So, when the unmentionable took place, Jane was badly left. The Foreign Office Library Department people, many of them Jane’s contemporaries at Oxford and Cambridge, were hurried across the Channel into Life, for which they had been prepared by a course of lectures on the Dangers of Paris. There also went the confidential secretaries, the clerks and shorthand typists, in their hundreds; degreeless, brainless beings, but wise in their generation.
‘I wish I was a shorthand typist,’ Jane grumbled, brooding with Katherine over their fire.
‘Paris,’ Katherine turned over the delightful word consideringly, finding it wanting. ’The last place in the world I should choose to be in just now. Fuss and foolishness. Greed and grabbing. The centre of the lunacies and crimes of the next six months. Politicians assembled together.... It’s infinitely common to go there. All the vulgarest people.... You’d be more select at Southend or Blackpool.’
‘History is being made there,’ said Jane, quoting from her father’s press.
’Thank you; I’d rather go to Birmingham and make something clean and useful, like glass.’
But Jane wanted to make history in Paris. She felt out of it, left, as she had felt when other people went to the war and she stayed at home.
On a yellow, foggy day just before Christmas, Lord Pinkerton, with whom Jane was lunching at his club (Lord Pinkerton was quite good to lunch with; you got a splendid feed for nothing), said, ’I shall be going over to Paris next month, Babs.’ (That was what he called her). ’D’you want to come?’
‘Well, I should say so. Don’t rub it in, dad.’
Lord Pinkerton looked at her, with his whimsical, affectionate paternity.
’You can come if you like, Babs. I want another secretary. Must have one. If you’ll do some of the shorthand typing and filing, you can come along.
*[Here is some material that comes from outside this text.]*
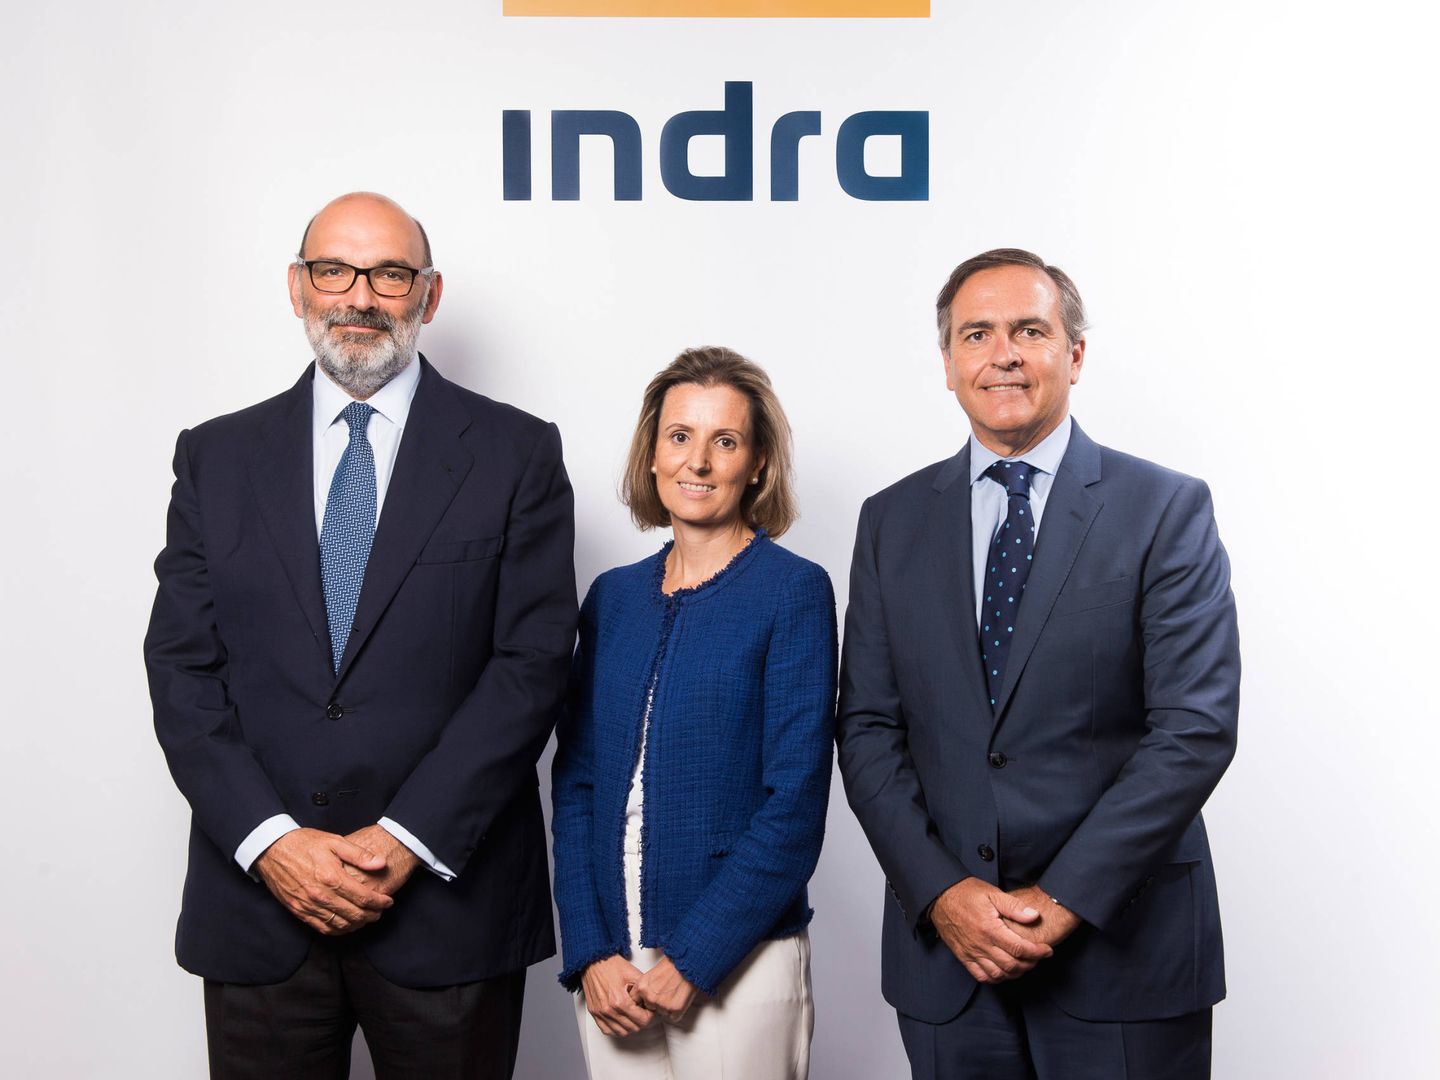 Fernando Abril-Martorell (Presidente de Indra), Cristina Ruiz (Consejera Directora General de TI) e Ignacio Mataix (Consejero Director General de T&D).

How about it?’
Jane thought for exactly thirty seconds, weighing the shorthand typing against Paris and the Majestic and Life. Life had it, as usual.
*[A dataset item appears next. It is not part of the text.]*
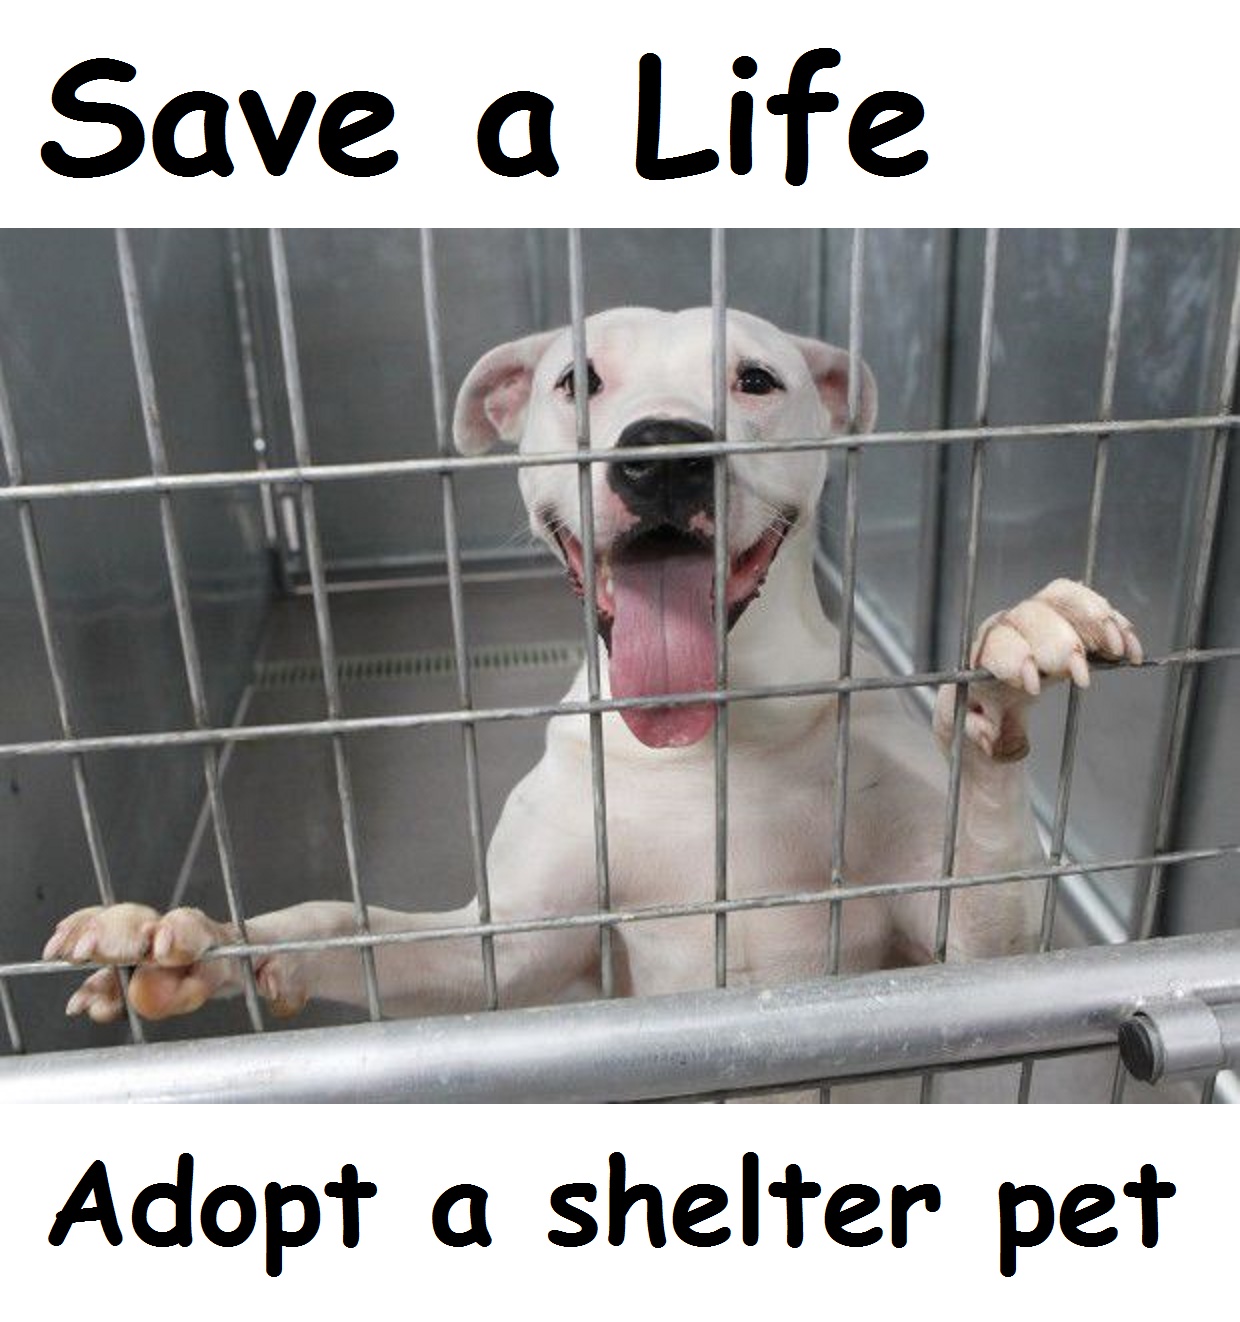 Save a Life, Adopt a shelter pet

‘Right-o, daddy. I’ll come along. When do we go over?’
That afternoon Jane gave notice to her department, and in the middle of January Lord Pinkerton and his bodyguard of secretaries and assistants went to Paris.
4
That was Life. Trousseaux, concerts, jazzing, dinners, marble bathrooms, notorious persons as thick as thieves in corridors and on the stairs, dangers of Paris surging outside, disappointed journalists besieging proud politicians in vain, the Council of Four sitting in perfect harmony behind thick curtains, Signor Orlando refusing to play, but finding they went on playing without him and coming back, Jugo-Slavs walking about under the aegis of Mr. Wickham Steed, smiling sweetly and triumphantly at the Italians, going to the theatre and coming out because the jokes seemed to them dubious, Sir George Riddell and Mr. G.H. Mair desperately controlling the press, Lord Pinkerton flying to and fro, across the Channel and back again, while his bodyguard remained in Paris. There also flew to and fro Oliver Hobart, the editor of the Daily Haste. He would drop in on Jane, sitting in her father’s outer office, card-indexing, opening and entering letters, and what not.